LOL, never said I could actually do 60 bales an hour though, turning around, cleaning up little wisps of hay on the ends etc cut productivity.


----------



## hay wilson in TX (Jan 28, 2009)

There are a ton of variables on baling.

What is the Book strokes per bale?

Bale length, & weight.

No turns involved. No dead Heading &c

My old NH 315 running at 80 strokes a minute, or at 94 strokes per minute.

Bale length by the book is 15 strokes per bale. Pushing at 11 strokes per bale, taking my time 19 strokes per bale. In practice I drop down a gear if it is 10 or 11 strokes, and gear up at 19 or 20 strokes per bale.

I like to bale at 90 strokes per minute, which has more ineritia cutting the flake. No time down to reload the tying wire or string. No stops to adjust the tension on the bale chamber.

Good large windrow so we can bale at 1 mph or so.

With everything working for me Probably 475 bales an hour. Be able to eat a sandwitch for something to do.

Do not forget a great job of raking.

Nice to have.

Never having to change gears.

A hydro drive would be wonderful to have the strokes per minute right on & not +/- 4 strokes per bale.

A scale to adjust the pressure on the chamber to for a uniform 55 lbs/Bale & always a 34" bale length.

Never will take operator skills out of hay baling.


----------



## Tx Jim (Jun 30, 2014)

mlappin said:


> LOL, never said I could actually do 60 bales an hour though, turning around, cleaning up little wisps of hay on the ends etc cut productivity.


My understanding of the English language begs to differ & I'll quote you

[/quote] can do a thousand pound round bale a minute in good conditions[/quote].

If that's not stating one can bale 60 1000# rd bales per hr I'll eat a bale of hay.


----------



## deadmoose (Oct 30, 2011)

Tx Jim said:


> My understanding of the English language begs to differ & I'll quote you


 can do a thousand pound round bale a minute in good conditions[/quote].

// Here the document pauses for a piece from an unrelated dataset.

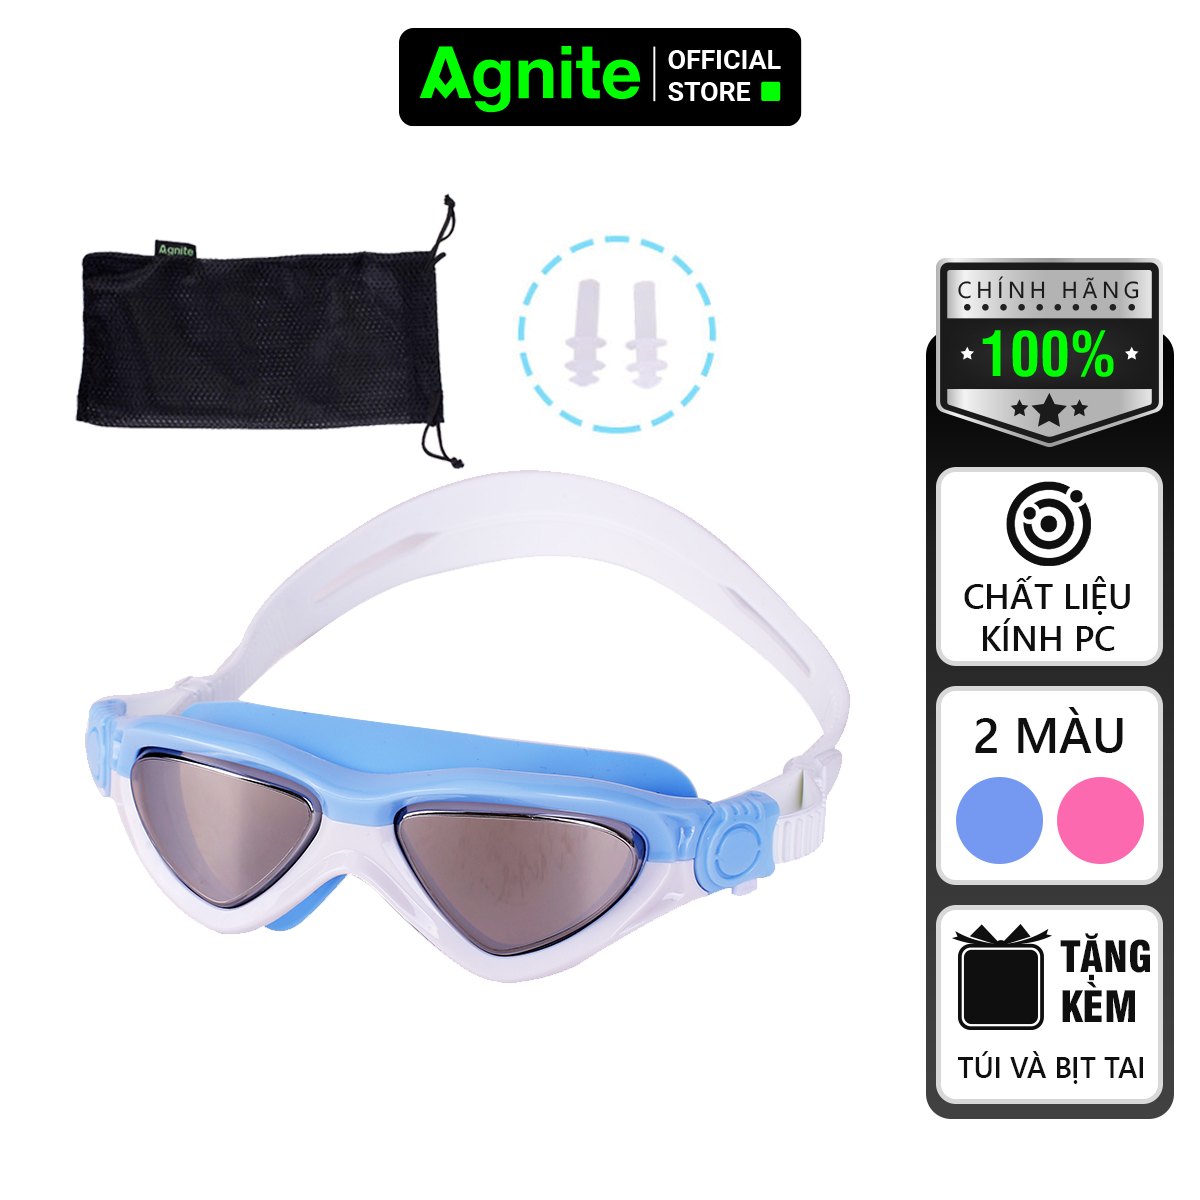 Kính bơi tráng bạc chống tia UV cho trẻ em Agnite tặng nút bịt tai túi

If that's not stating one can bale 60 1000# rd bales per hr I'll eat a bale of hay.[/quote]

Time to eat some hay. Length of time was not specified.

Howany football players can run a 4.2 40? That doesn't mean they can push close to a 3 min mile.


----------



## deadmoose (Oct 30, 2011)

"In good conditions". No turning, good windrow.


----------



## Tx Jim (Jun 30, 2014)

deadmoose

So are you stating you bale a 1000# bale in a minute then go to the house to allow your baler to cool off?????????? :lol:

I would presume if you could bale one bale in a minute you could bale 60 bales in 60 minutes.


----------



## Gearclash (Nov 25, 2010)

Tx Jim--it is the difference between "indicated" baling rate and "actual" baling rate. There are always the little time losses that drag the actual baling rate down. I've seen a bale a minute with a 5x6 in corn stalks--and for fun this summer pushed my 7090 to a bale every 45 seconds (including wrapping) in oat hay, just to say I did.


----------



## slowzuki (Mar 8, 2011)

That's why I mentioned changing wagons and the time of cleaning scraps etc, just because you hit an amazing peak baling rate doesn't mean the whole job gets done fast. Sometimes slow (medium?) and steady wins the race.


----------



## Tx Jim (Jun 30, 2014)

Gearclash said:


> Tx Jim--it is the difference between "indicated" baling rate and "actual" baling rate. There are always the little time losses that drag the actual baling rate down. I've seen a bale a minute with a 5x6 in corn stalks--and for fun this summer pushed my 7090 to a bale every 45 seconds (including wrapping) in oat hay, just to say I did.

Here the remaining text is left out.